Ist ein geringfügiger Mangel bei der nächsten wiederkehrenden Prüfung (Hauptprüfung) nicht beseitigt, legt die ZÜS erneut eine Frist fest. Diese kann wieder 2 Jahre betragen, aber auch kürzer ausfallen.

Wie genau mit diesem Fall umgegangen wird, diskutieren die ZÜSen derzeit noch. Fest steht aber: Ist ein sicherheitserheblicher Mangel nach Ablauf der festgelegten Frist nicht beseitigt, meldet die ZÜS dies der Aufsichtsbehörde und die Anlage wird stillgelegt.

Wer aber Modernisierungen plant, um seinen Aufzug langfristig nach dem Stand der Technik zu betreiben, sollte bereits heute Bauteile einsetzen, die der neuen europäischen Aufzugsnorm EN 81-20/50 entsprechen, die ab dem 1. September 2017 verbindlich wird.
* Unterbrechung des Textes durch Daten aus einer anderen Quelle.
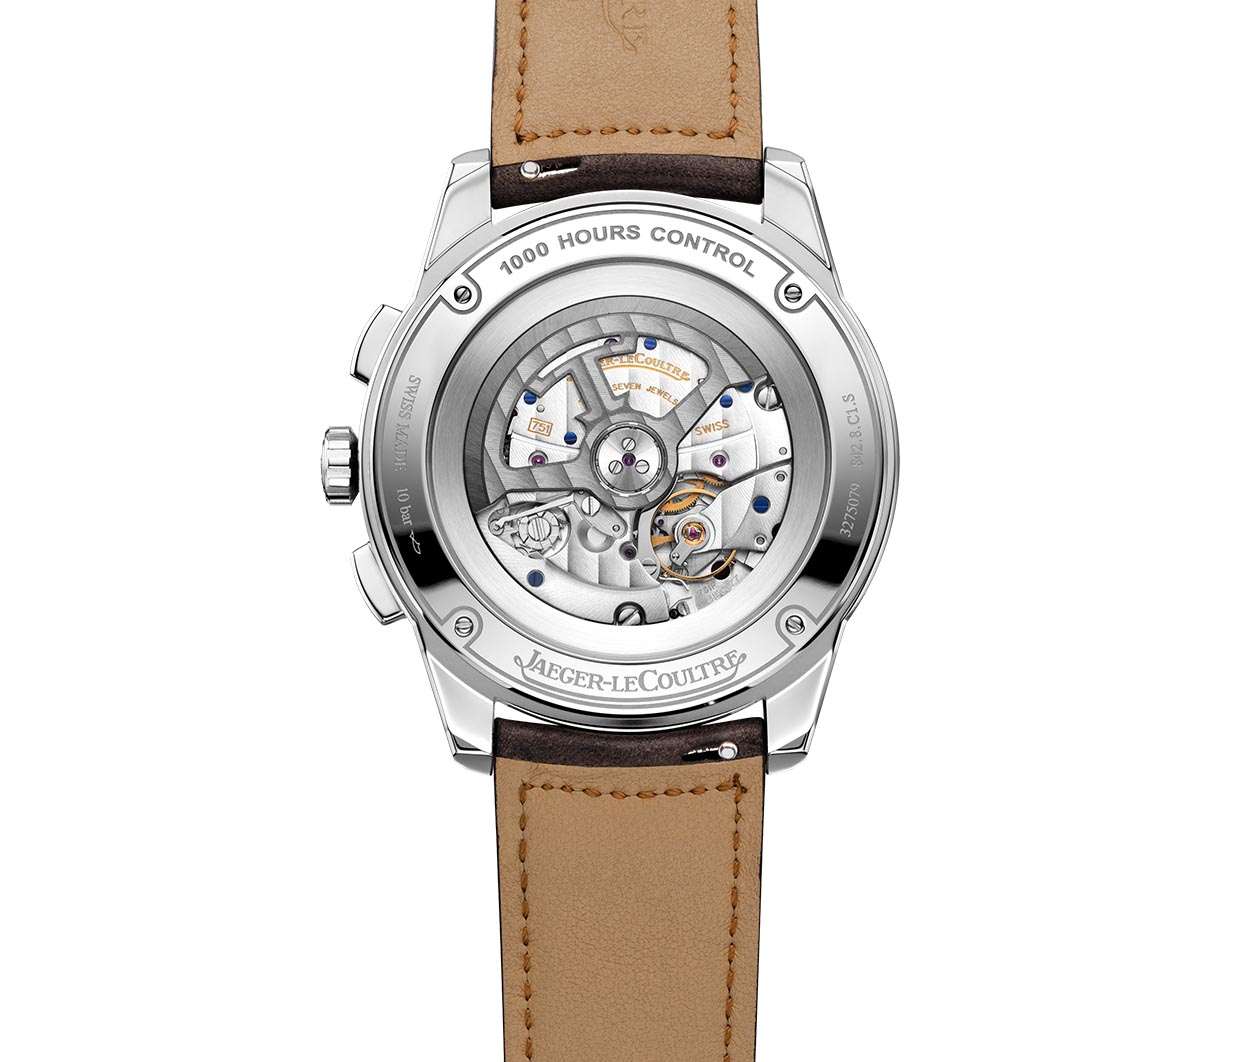 JaegerLeCoultre Polaris Chronograph 9028480 Carousel 3 FINAL

Auch wenn die Technische Regel für Betriebssicherheit TRBS 1121, welche die Betriebssicherheitsverordnung konkretisiert und bei Modernisierungen und Instandhaltungen Anwendung findet, noch auf der auslaufenden Aufzugsnorm EN 81-1/2 basiert - Hersteller wie Schindler haben ihre Produkte bereits seit einiger Zeit an die neue Norm angepasst.

Welche Maßnahmen der Aufzugsbetreiber auch immer in Absprache mit der für den Aufzugsservice zuständigen Firma trifft, ei-nes steht fest: Mangel 712 entbindet ihn nicht von der Verpflichtung, eine Gefährdungsbeurteilung anzufertigen. Der 22-Kriterien-Katalog der ZÜS deckt aber bei Weitem nicht alle Punkte ab, die für eine Gefährdungsbeurteilung relevant sind.

Als einer der Marktführer in Deutschland bietet Schindler zum Beispiel eine Lösung an, die auch für Betreiber interessant sein dürfte, die noch keinen Wartungsvertrag für ihre Aufzugsanlage bei Schindler abgeschlossen haben.

Im Rahmen des Moduls „Prüfung plus“ können nicht nur die Koordination der Prüftermine und Dokumentationspflichten an das Serviceunternehmen delegiert werden, sondern auch eine Gefährdungsbeurteilung beauftragt werden. In enger Absprache mit dem Betreiber kann dann ein Maßnahmenplan vereinbart wer-den, der auch langfristige Modernisierungsvorhaben einschließt.

Denn eines ist zumindest klar: Auch wenn nach der derzeitigen Praxis keine Nachrüstpflichten aus Abweichungen zum Stand der Technik resultieren, schützt ein nachhaltiges Modernisierungskonzept vor bösen Überraschungen und ungeplanten Investitionen. Wer hier mit einem zertifizierten Serviceunternehmen langfristig plant, den wird auch Mangel 712 nicht verunsichern können.